A city work fills the cylindrical tank of a new water tower. The tank has a radius of 7 feet. At time t minutes, the height of the water in the tank is t/4 feet and the volume of water in the water tower is V=πr2h cubic feet. Find the instantaneous rate of change of the volume of water in the tank at t=10 minutes.

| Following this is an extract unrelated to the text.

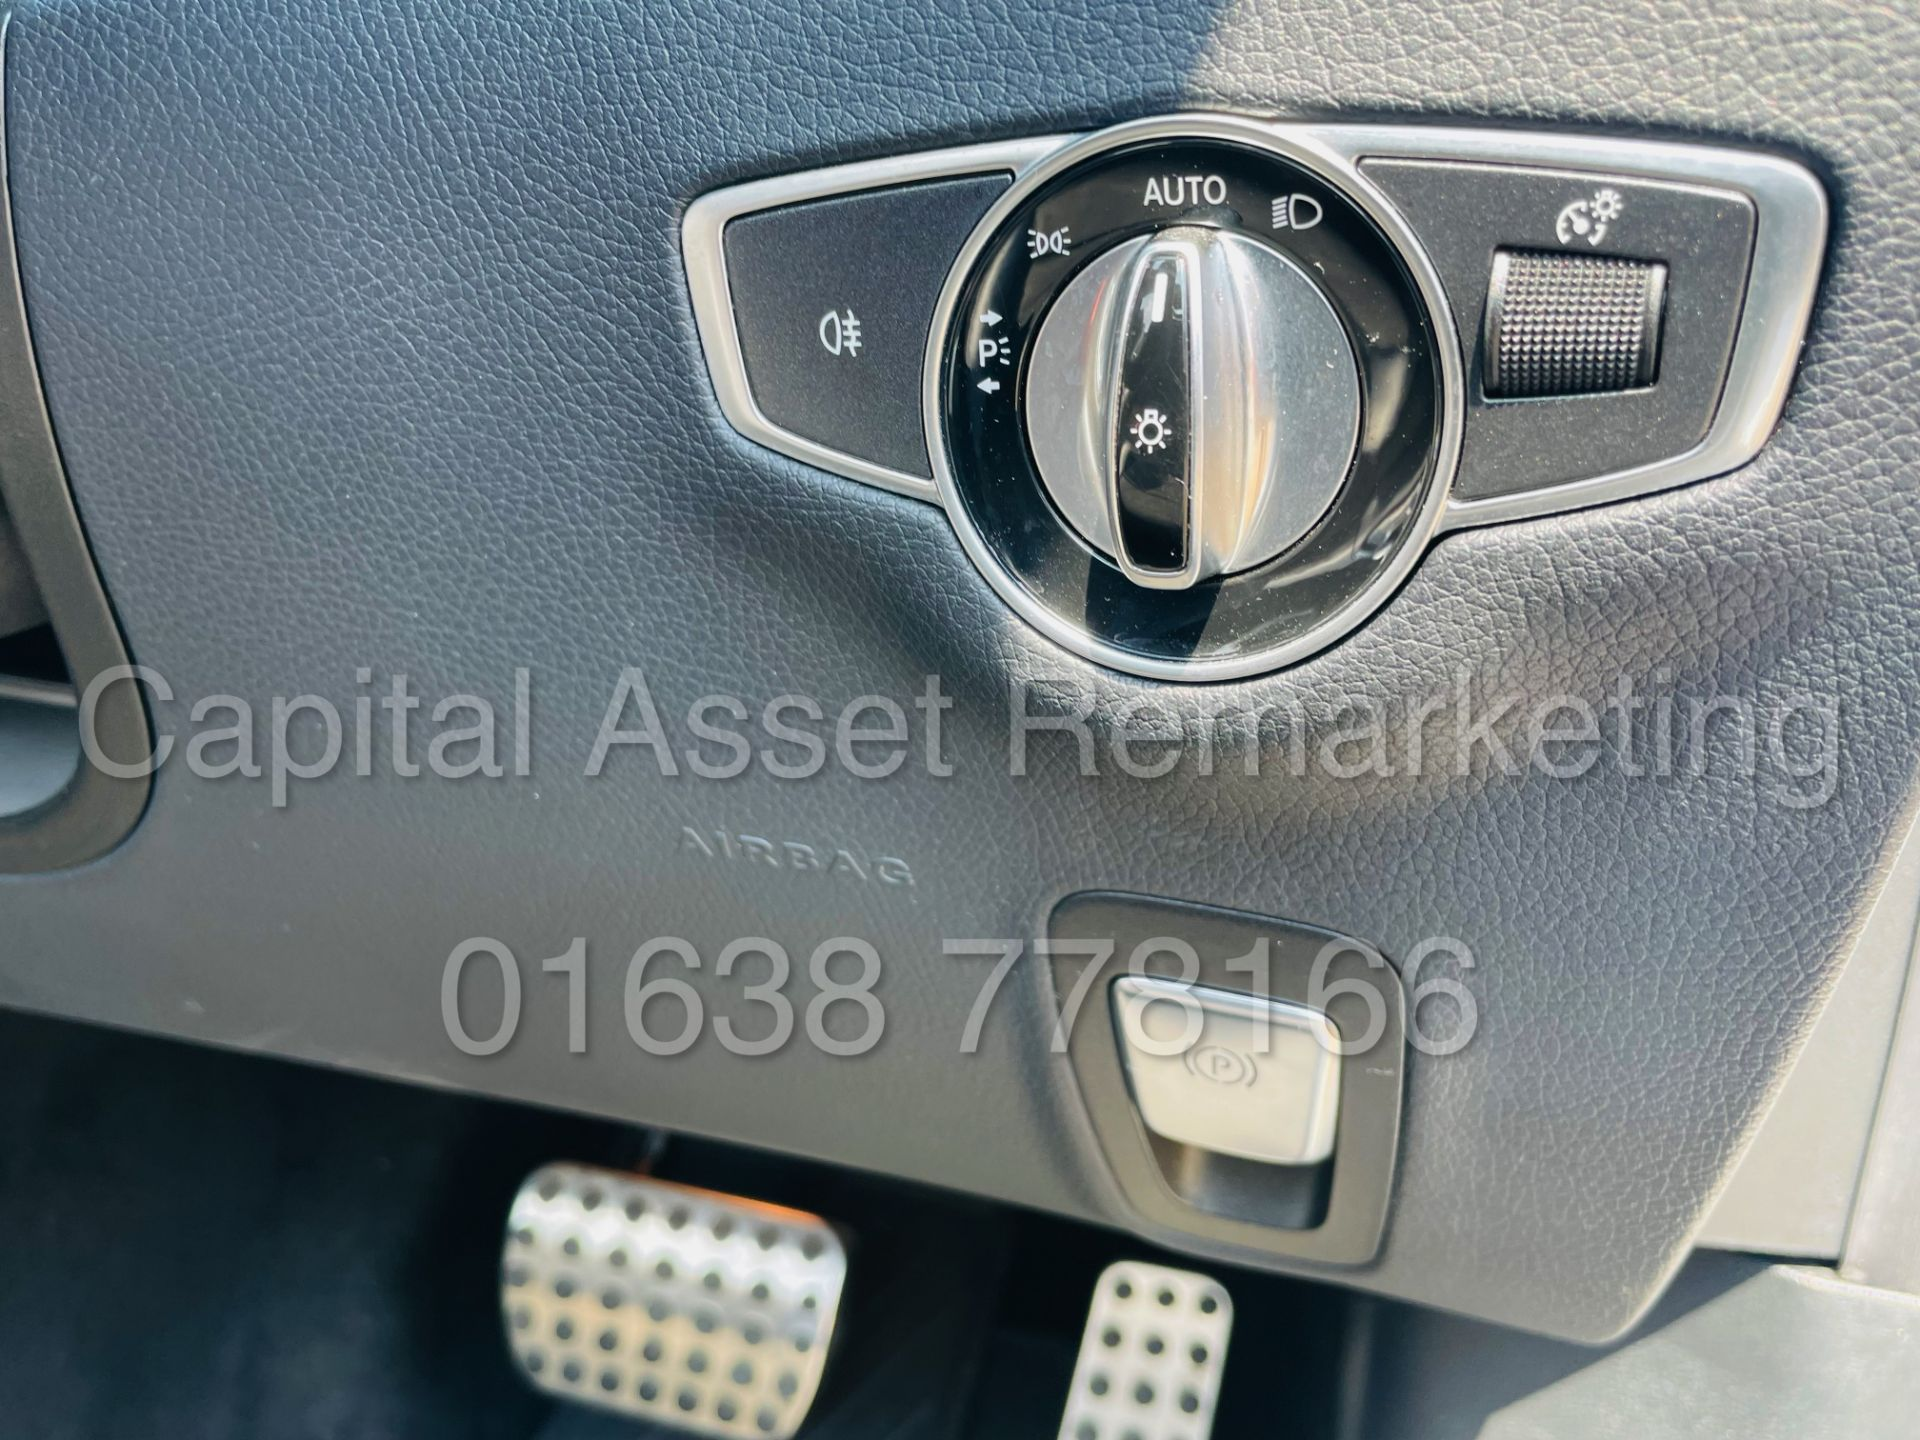 MERCEDES-BENZ E220d *AMG LINE PREMIUM - CABRIOLET* (2018 - EURO 6) '9G AUTO - LEATHER - SAT NAV' - Image 51 of 63

To find the instantaneous rate of change of the volume of water in the tank at t=10 minutes, we need to find the derivative of the volume function V with respect to t and evaluate it at t=10.
Given that the radius of the tank is 7 feet, the volume function is V=πr^2h. We can find the height of the water in the tank at t=10 minutes by substituting t=10 into the height function: h = t/4 = 10/4 = 2.5 feet.
Now we can differentiate the volume function V=πr^2h with respect to t to find the rate of change of volume with respect to time:
dV/dt = d/dt (πr^2h)
= πd(r^2h)/dt
To find d(r^2h)/dt, we consider that r^2 is a constant because the radius of the tank does not change. Therefore, d(r^2)/dt = 0.
Using the product rule, we can differentiate h with respect to t to find dh/dt:
dh/dt = d(t/4)/dt
= (1/4)d(t)/dt
= 1/4
Now we can find the rate of change of volume with respect to time at t=10 minutes by substituting the values:
dV/dt = πd(r^2h)/dt
= π(0)(dh/dt)
= 0
Therefore, the instantaneous rate of change of the volume of water in the tank at t=10 minutes is 0 cubic feet per minute. This means that at t=10 minutes, the volume of water in the tank is not changing.